A pioneering project to tackle gender-based violence needs help

The Cable speaks to Bristol Zero Tolerance about how the initiative to eradicate gender-based violence could be saved.
Photo: Laura Dodsworth
In 2013, a Bristol woman was killed by her ex-partner, who had physically and mentally abused her for years. The case was subject to a multi-agency review to explore whether or not her murder could have been prevented. The review found that although the woman’s “work colleagues were aware of the abuse she suffered…there is no evidence that any of them encouraged her to seek help.” The review recommended that “companies and organisations…implement HR workplace policies in relation to domestic abuse.”
It was this tragedy and subsequent recommendations that triggered the launch of Bristol Zero Tolerance by Bristol Women’s Commission in 2015. Bristol Zero Tolerance works towards making Bristol a city with a ‘zero tolerance’ approach to gender-based violence (GBV), abuse, harassment and exploitation, by working with organisations and workplaces and by raising awareness of different forms of gender-based violence.
After almost three years of hard work in this area, Bristol Zero Tolerance has announced that it’s at imminent risk of closure and has made an urgent appeal for funding. The Cable caught up with Charlotte Gage, partnerships project officer, to talk about their work and future.
The Bristol Cable: What does Bristol Zero Tolerance do that no one else does?
Charlotte Gage: We make links between services, including those that aren’t GBV-specific, such as mental health and homelessness services, so that women – mainly women – who are accessing support and have a GBV background won’t fall through the gaps.
We also run city-wide campaigns about changing attitudes, behaviours, and cultures, like our street harassment work. If you feel you can be abusive and objectify strangers on the street, that’s part of a culture that leads to women dying.
And we work with businesses: we deliver training, create opportunities to talk about GBV without stigma, and link it to mental health issues and workplace stress and absenteeism. We help organisations implement internal domestic abuse policies and give them a signposting guide of local and national services. The idea is to get the business to say, ‘Here’s our Zero Tolerance pledge, here’s our policy’, and then whenever anyone wants to access information, they’ll know where to get it. So it’s not about pressuring particular people: it’s saying, ‘Everyone should know about this, it’s everyone’s business’.
Bristol Zero Tolerance is part of Bristol Women’s Voice – but who else is on the BZT team specifically?
Just me! I had an assistant, but we couldn’t continue her contract. We wouldn’t be able to do the work without volunteers. I’m glad that women want to work with us, but I also feel guilty – we shouldn’t be getting free labour. We always give volunteers references, support them with their next steps, and put their name against the work they’ve done.

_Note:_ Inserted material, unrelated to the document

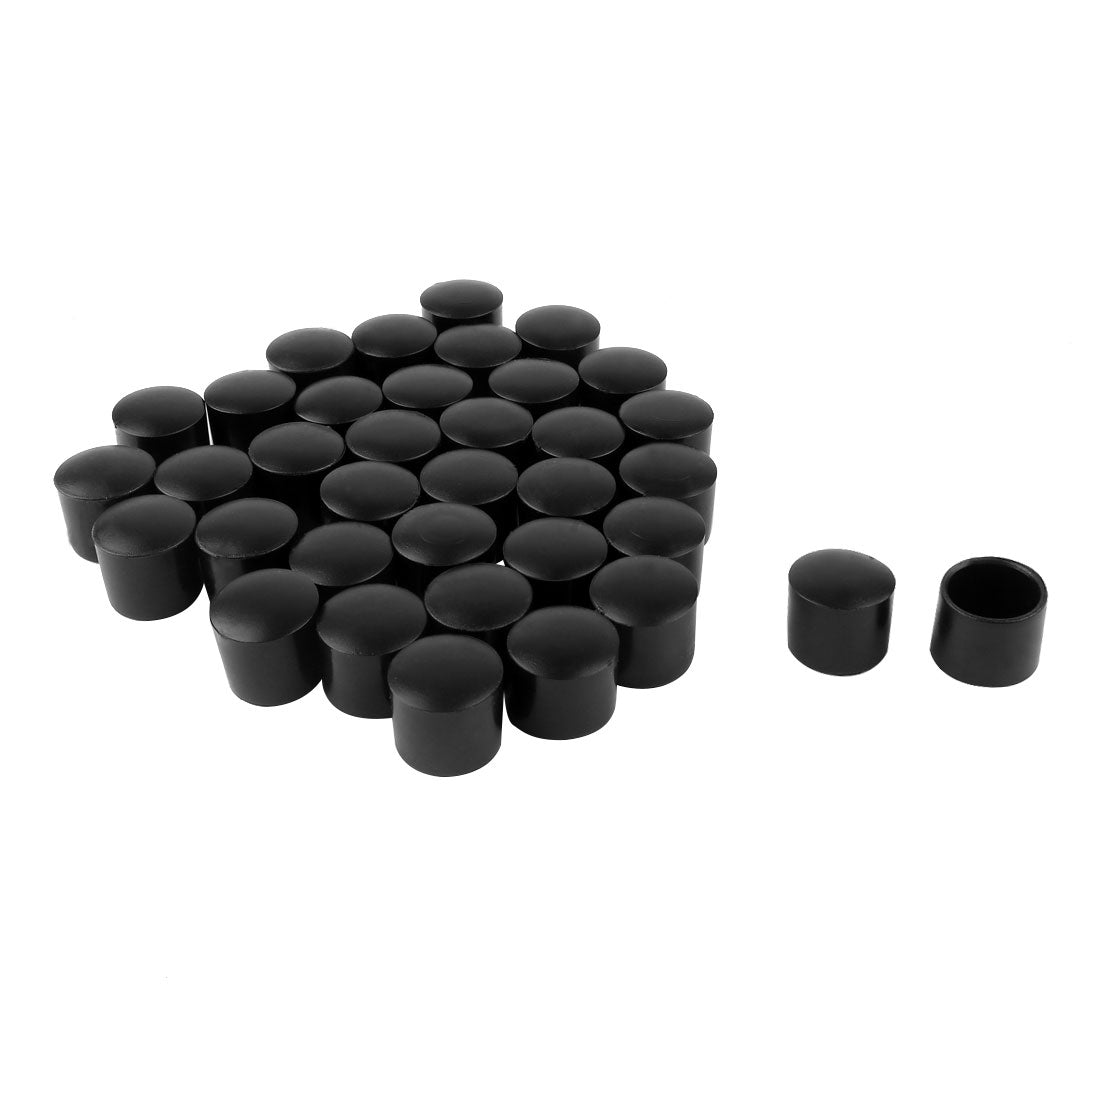 uxcell Uxcell PVC Leg Caps Tips Cup Feet Covers 12mm 0.47" Inner Dia 36pcs Anti-moisture Floor Protector for Furniture Chair Desk

What’s the issue with funding?
We’ve been lucky to have had two years of public health funding. That was because some good feminists within the council had an understanding of our work as prevention: if we look at attitudes and behaviours around GBV and address it before it happens, the impact on society, on the police, on the NHS would be huge.
But policy and voice work is difficult to fund. Direct services, like rape crisis centres and domestic violence refuges, absolutely need to be funded better, but people understand those services a little more.
Looking for money is also hard—you need a full time fundraising department. Bigger organisations can work with academics, have partners across Europe, and build those relationships over years. It’s not realistic for small organisations to do that.
If funded, what would be your next steps?
Our work with businesses would be ongoing. I’d like to continue the work we’ve done with the night-time economy and push to get all venues in the city signed up to Good Night Out [an initiative to help the night time economy deal with, tackle and prevent harassment] and Drinkaware. Other than that, depending on how much funding we got, it’d be whatever services and individuals think we should be working on. I don’t want it to be a top-down organisation.
And what are your hopes now?
I’m hoping that we will get sponsorship from businesses. I’m hoping individuals, even if they’re not able to give themselves, will share this information and help us to build relationships with businesses or people with larger amounts of money. And I’m hoping that the importance of our work is understood: it’s part of a wider picture. Ultimately, if we did this work, frontline services wouldn’t be as smashed, because GBV wouldn’t happen in the first place.